Albion Monitor /News

UN Reports: Food and Water Crisis Ahead

by Farhan Haq

In thirty years, 2 out of 3 people will worry where to find water
(IPS)UNITED NATIONS -- Current trends in food and water consumption will result in shortages and crises for millions of people over the next 30 years if governments take no action, the United Nations warns.

Two new reports prepared by the U.N. Commission on Sustainable Development examining global trends and freshwater resources contend that the vast majority of the world population could suffer "moderate to high" water stress by 2025.

"I see the water problem as one of the critical areas of unsustainability right now," says Nitin Desai, U.N. Under- Secretary-General for Sustainable Development. "About one-third of the world (already) lives under stress conditions. By 2025, it will come to two-thirds (under present trends)."

More than half the water used in agricultural irrigation never reaches the crop
A new report, "Comprehensive Assessment of the Freshwater Resources of the World," paints a gloomy picture. "Water resources constraints and water degradation are weakening one of the key resource bases on which human society is built.

"There is a steady increase in the number of regions of the world where human demands are outstripping local water supplies, and the resulting water stress is limiting the development, especially of poor societies.

"Due largely to poverty, at least one-fifth of all people do not have access to safe drinking water, and more than one-half of humanity lacks adequate sanitation," the report states.

The picture is expected to become worse by 2025, when world population is estimated to rise from its present 5.7 billion to some 8.3 billion people -- most of whom are expected to live in cities, where water stress is already high.

The report adds that increased food production will add to greater water usage, with irrigation already accounting for 70 percent of the water taken from rivers, lakes, and underground sources.

Much of that water is wasted. According to the other Commission report, titled "Global Change and Sustainable Development: Critical Trends," more than half the water used in agricultural irrigation never reaches the crop.

"It doesn't look like the world is going to end in a clap of thunder, but neither does it look that great"
The reports laud improvements in industrialized countries for lowering water wastage, but both reports contend that improvements in water management are not enough to meet the demand for water, expected to rise by 40 percent over the next three decades.

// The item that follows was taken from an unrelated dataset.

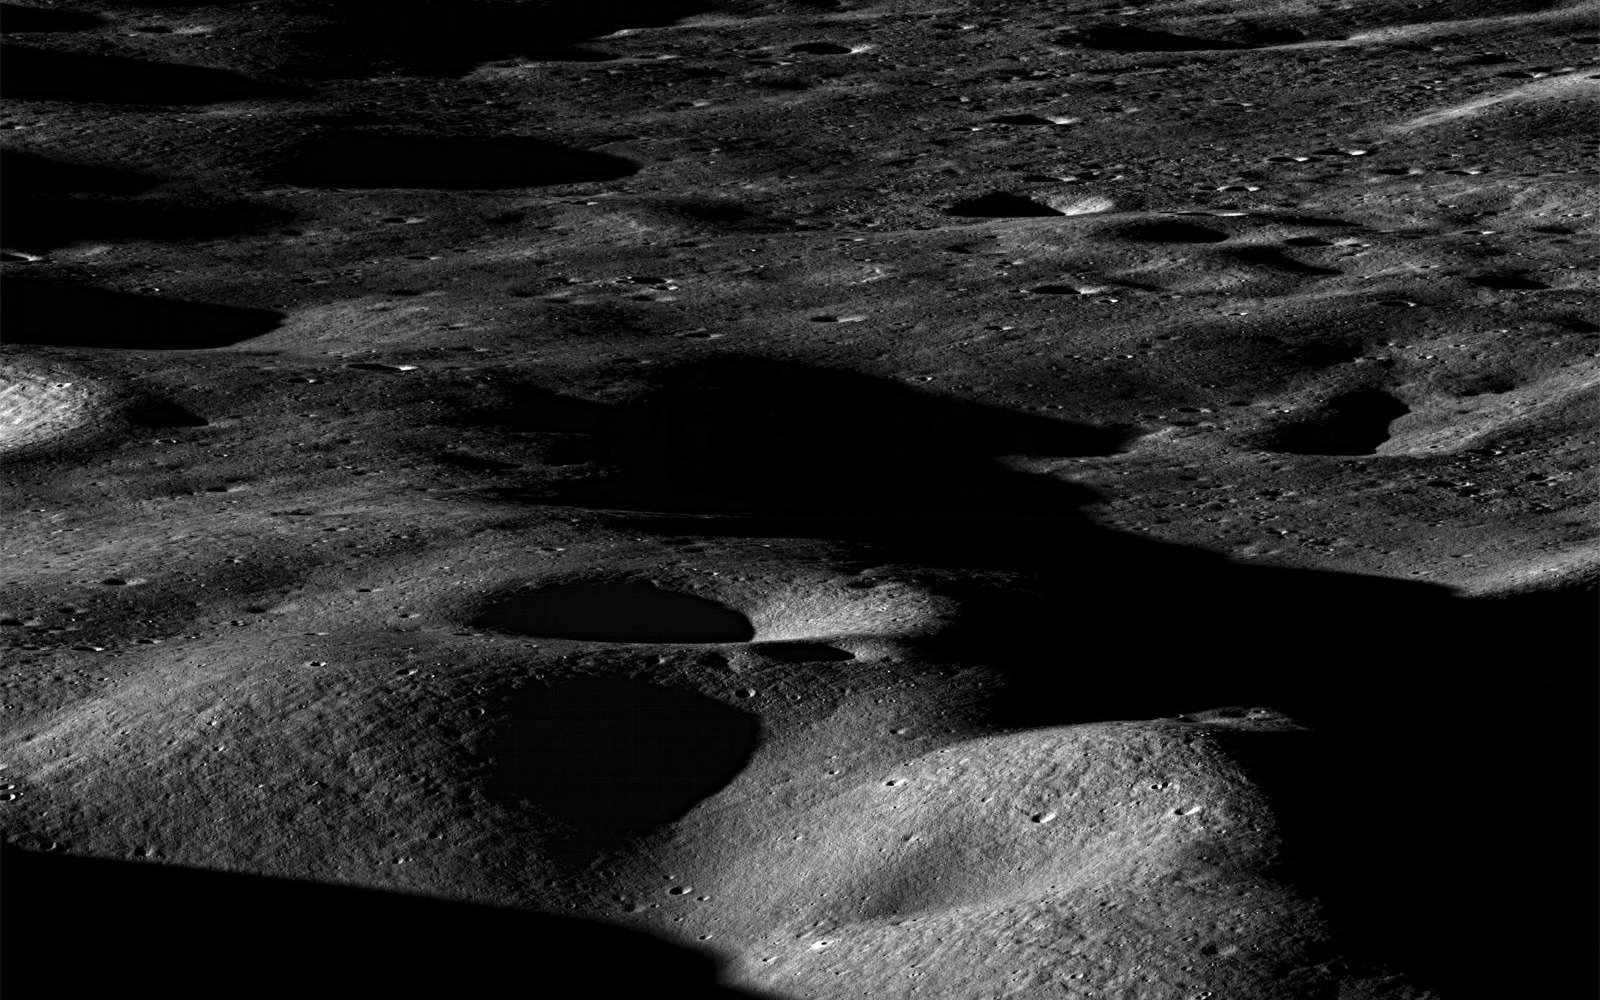 La Chine veut décrocher la Lune et se donne les moyens d'y parvenir. Chang'e-2 devrait partir tourner autour de la Lune en fin d'année. Crédits Nasa / GSFC / Arizona State University

In part, the trends report warns, the present usage levels of water reflect the widespread appreciation of water as a "free good," and could be redressed if governments allocated increased co[t to water. Yet it admits that raising water prices is "a politically daunting step even in the wealthiest countries and currently infeasible in most of the developing world."

Nor is water the only potential crisis area. The trends report notes that energy consumption is expected to double by 2050, leading to potential pollution hazards.

Food productivity trends remain uneven, with food supplies stagnant in South Asia and declining in sub-Saharan Africa. Nearly 840 million people remain hungry worldwide, and the rate of chronic undernourishment has more than doubled in sub-Saharan Africa since 1969, the report says.

Despite that, the report adds, there is still enough food produced at the global level. Between 1961 and 1994, it says, "per capita food supply in developing countries increased by 32 percent and mass famines on the scale seen in the 19th and mid-20th century have not recurred." The ranks of the hungry and undernourished have also fallen over the same period, from 35 percent to 21 percent.

But the report adds that food production will have to double between now and 2050 to meet the rise in population -- a task which several counties, notably China, India, Pakistan and the United States, will likely find harder as their yields from irrigated lands are expected to decline.

"There will be a crisis if no action is taken," says Emily Matthews, one of the authors of the trends report. The food, water and energy use problems, she argues "will affect the health of millions of people and will cost a fortune" if present trends go unchecked.

But Matthews adds that, although the situation is bleak, action to address any potential crises could avert the most severe consequences. "It doesn't look like the world is going to end in a clap of thunder, but neither does it look that great," she says.

"We in the Committee on Sustainable Development are working on the presumption that, on the basis of these facts, governments will respond," Desai contends.

The water and trends reports are to be presented at the Commission's next meeting, to be held here in April, and at a special June session of the U.N. General Assembly that is to explore how far nations have come in meeting environmental commitments made at the 1992 U.N. "Earth Summit" in Rio de Janeiro.

"The session will give the international community an opportunity to take stock," argued U.N. Secretary-General Kofi Annan in a speech this week to the Group of 77 developing nations. Annan said he hoped the session would provide an opportunity to lay out new priorities for commitment to the environment.

The Commission hopes that a priority for the meeting will be to determine a framework for water sharing and water management among nations, Desai says.